MapForce supports flat files as both the source and target of any mapping. MapForce does not limit you to one-to-one mappings - you can mix multiple sources and multiple targets to map any combination of data formats.
Altova MapForce® 2010 allows you to map EDI messages to and from XML, databases, flat files, Excel 2007+, and Web services. Full support for the UN/EDIFACT, ANSI X12, Health Level 7 (HL7), and SAP IDoc standards means that you can seamlessly integrate this data with other systems to meet the changing demands of business partners and customers, internal requirements, and global data transmission mandates.
EDI standards have been the dominant format for e-commerce data exchange for decades, and give organizations a fast and accurate method of transmitting transaction data without the need for human interaction. However, as a message transmission paradigm, EDI is source format and system agnostic, and requires translation and purposing for delivery to proprietary systems at its final destination. The reality that EDI precedes such prevalent integrated business technologies as ERP, CRM, many database formats, and many other supply chain enabling technologies, makes data mapping and transformation an important component of any EDI implementation.
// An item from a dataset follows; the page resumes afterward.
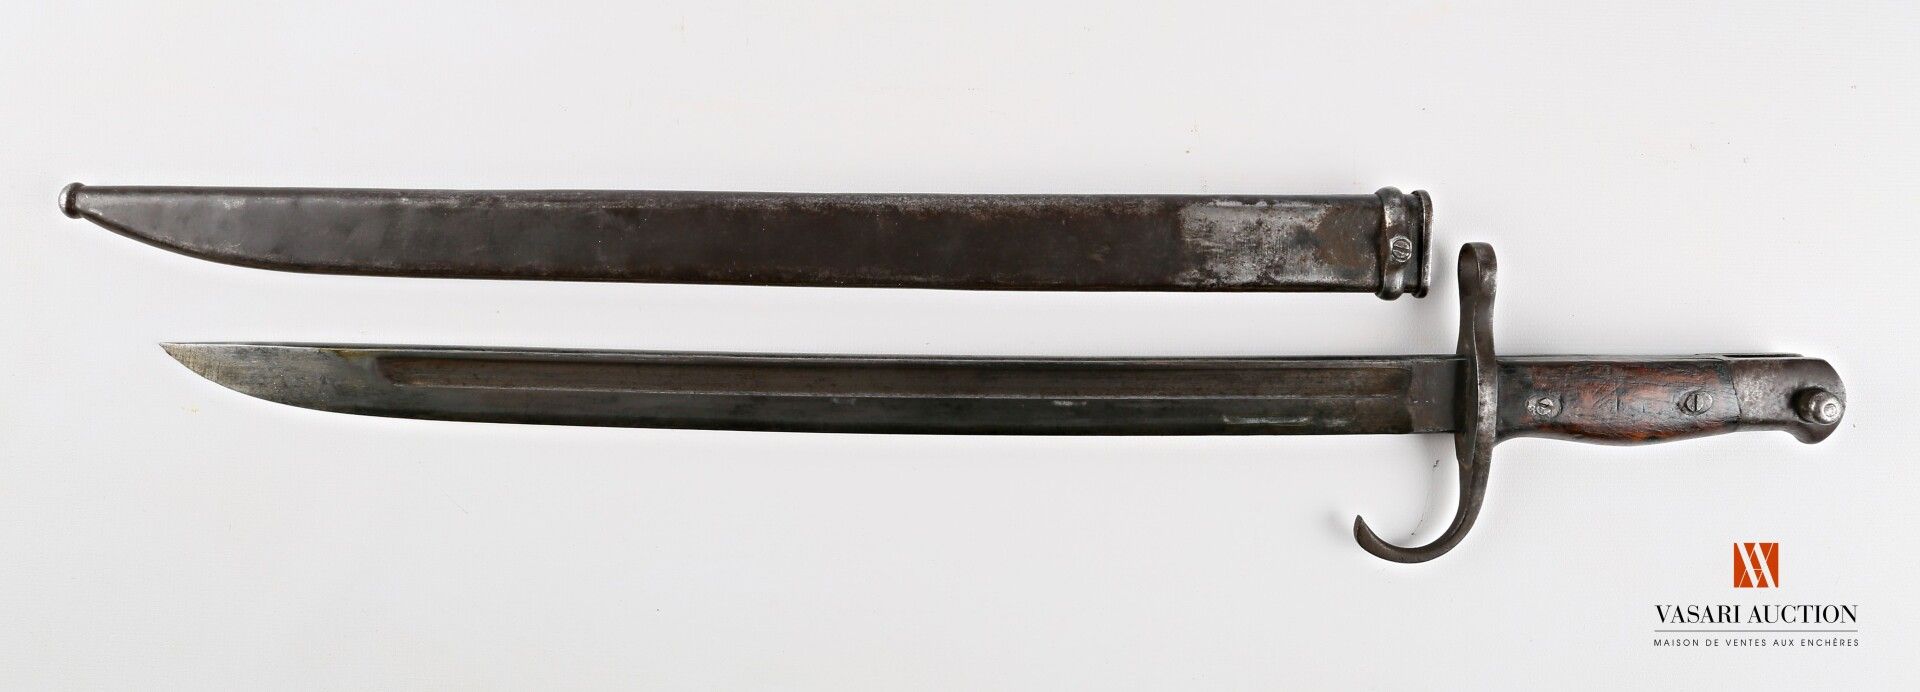 Null Arizaka 30型刺刀，直刃39.6厘米，后跟处有星星签名（丰川海军兵工厂），quillon巡航，光滑木板，钢制刀鞘，磨损，氧化，TL 52.5厘&hellip;
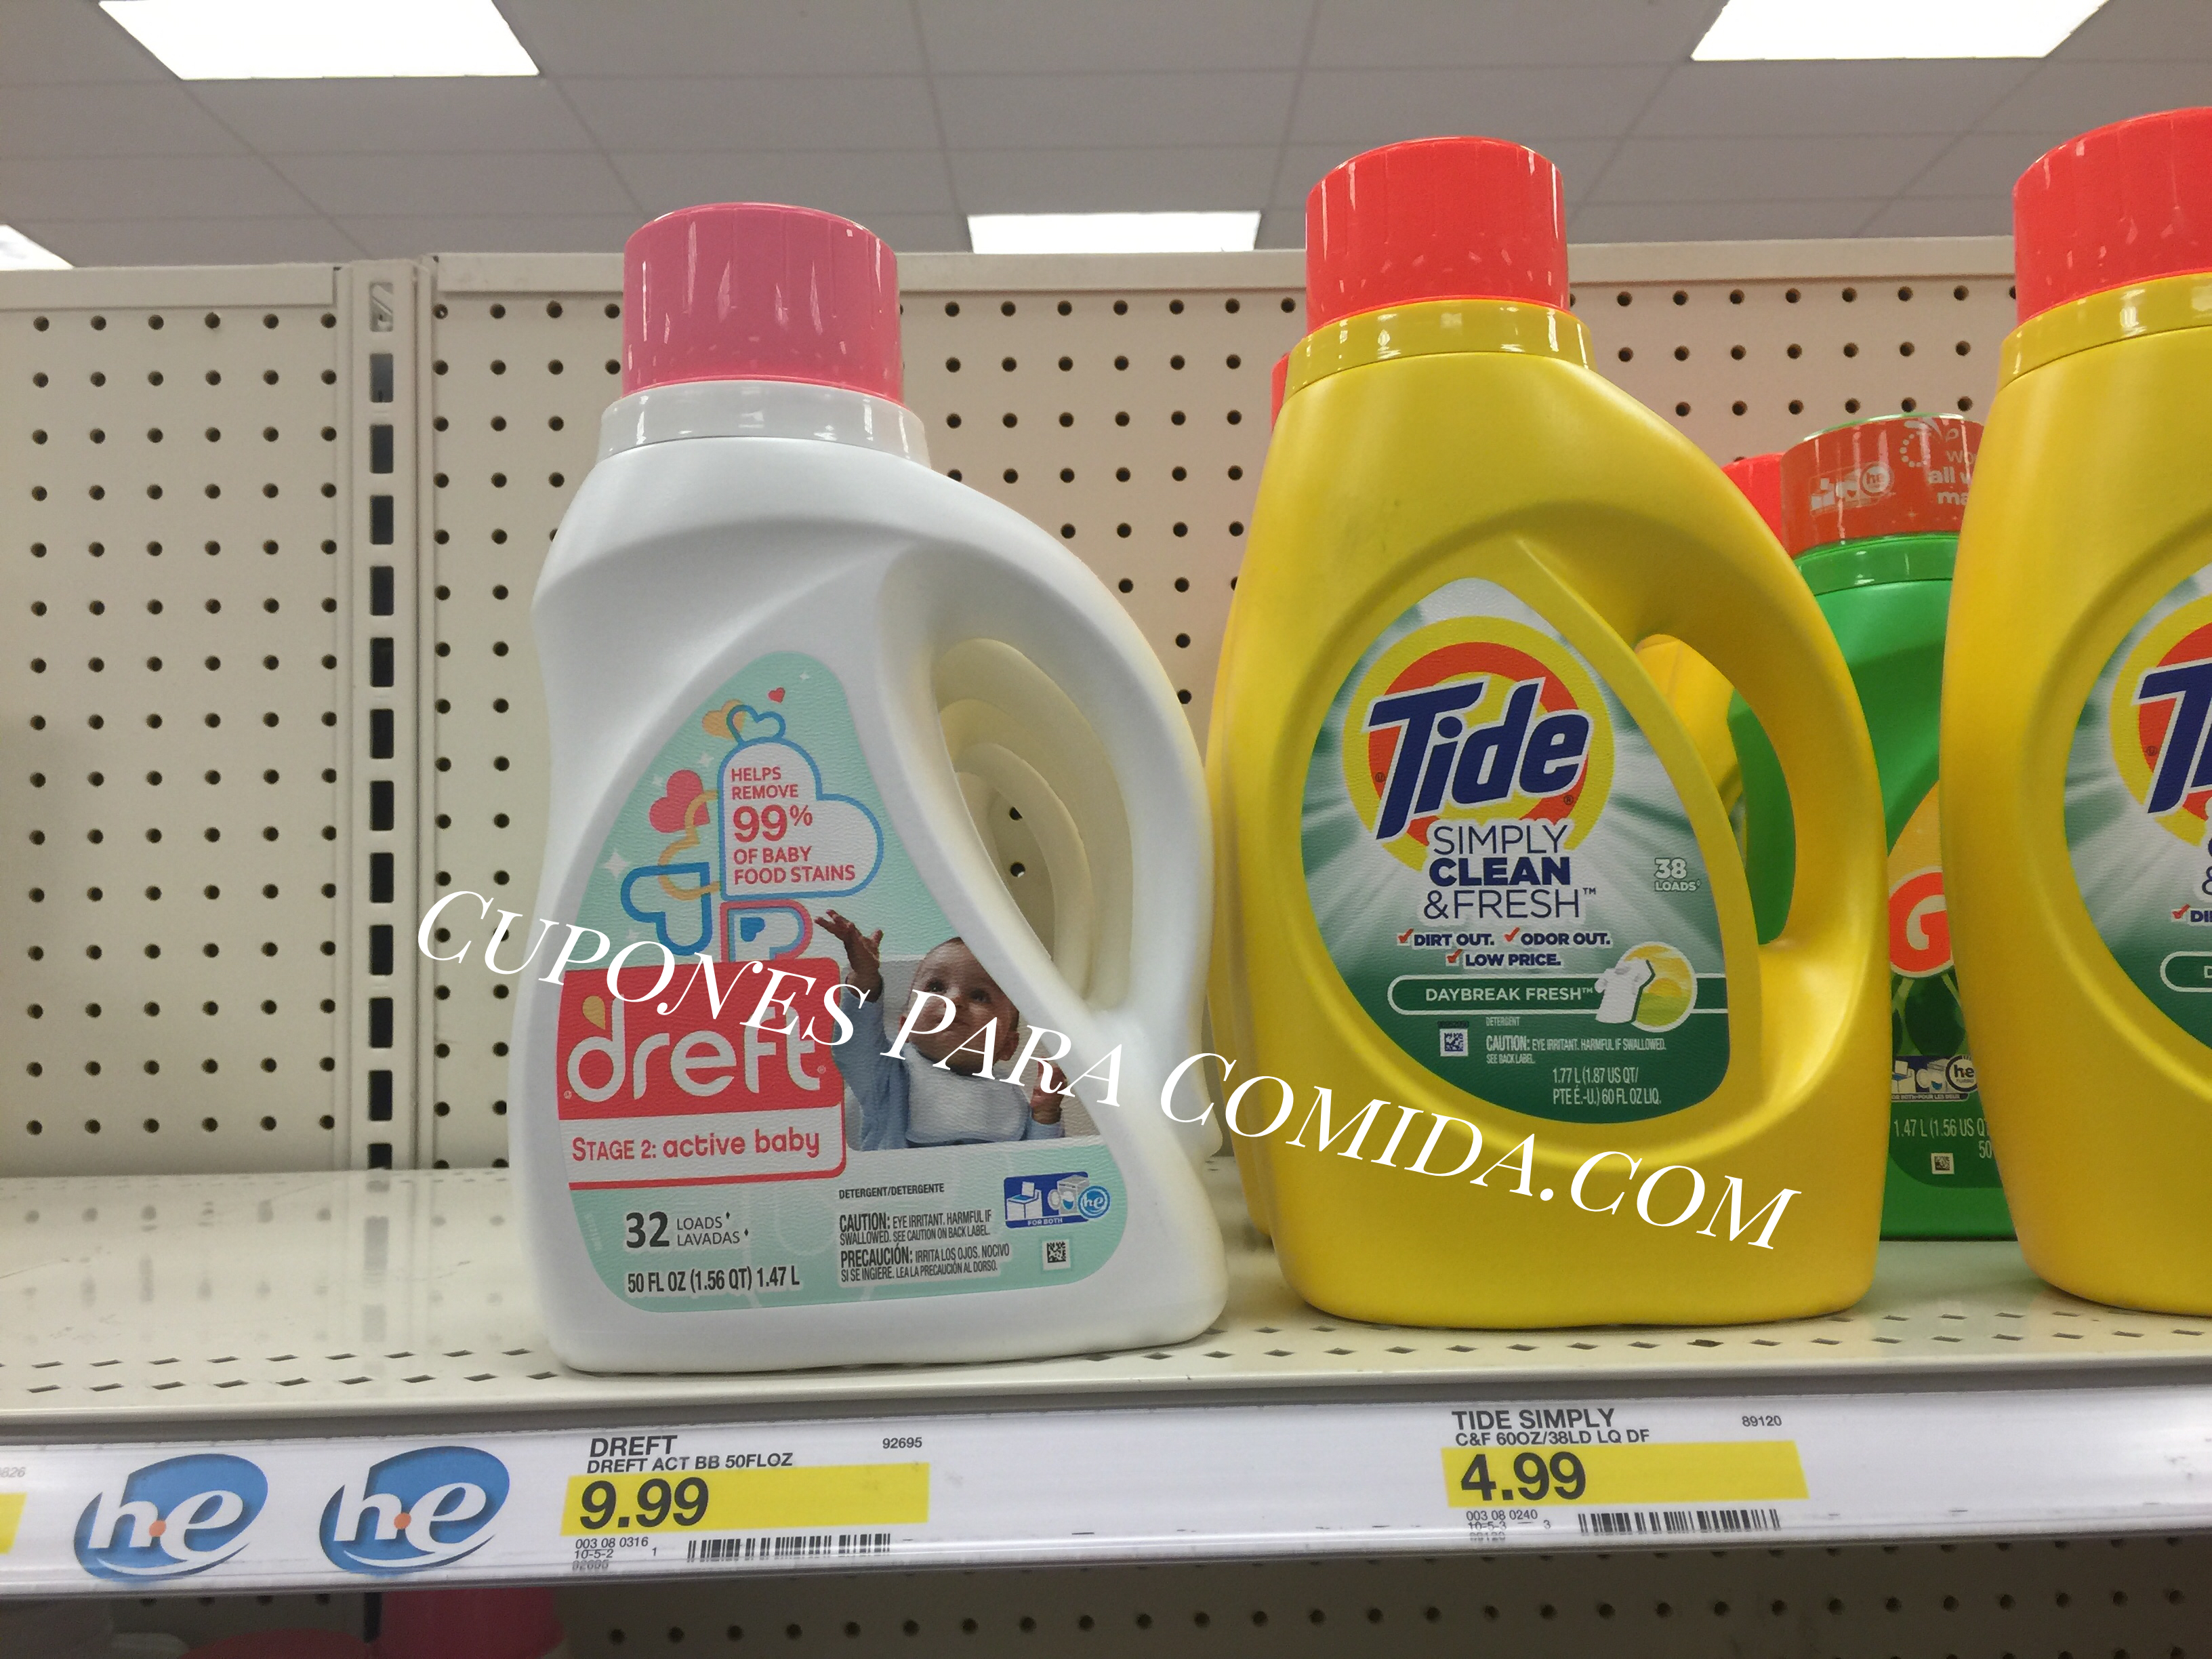 Dreft Laundry Detergent 32 Loads - Target 10/24/15

Altova MapForce® 2010 provides powerful support for producing interactive financial data that complies with the XBRL and XBRL Dimensions specifications as well as the ability to easily aggregate XBRL data for financial analysis.
Extensible Business Reporting Language (XBRL) is an XML-based markup language for electronic transmission of business and financial data. With a brand new mandate from the United States Securities and Exchange Commission (SEC), and official support from European Parliament as well as the governments of Japan and China, XBRL aims to reduce costs through the elimination of time consuming and error-prone human interaction. The introduction of XBRL tags allows computers to process information independently, thus increasing the speed of data integration and exchange, while at the same time virtually eliminating data redundancy and quality issues.
XBRL adoption gives companies the opportunity to introduce new efficiencies into their financial reporting workflow, preventing redundant tasks by automating data extraction and increasing accuracy through the validation of both syntax and semantics.
MapForce supports the use of XBRL taxonomies as the source or target of any mapping, enabling you to graphically transform backend accounting data into a compliant format without any risk to its semantic or structural integrity and/or integrate reporting data for financial analysis. Support for code generation in Java, C#, or C++ means that you can also automate the conversion of financial data based on the graphical mapping design. This makes public financial data submission a repeatable and highly manageable process, allowing you to produce valid XBRL reports as required based on the variable data stored in accounting system fields.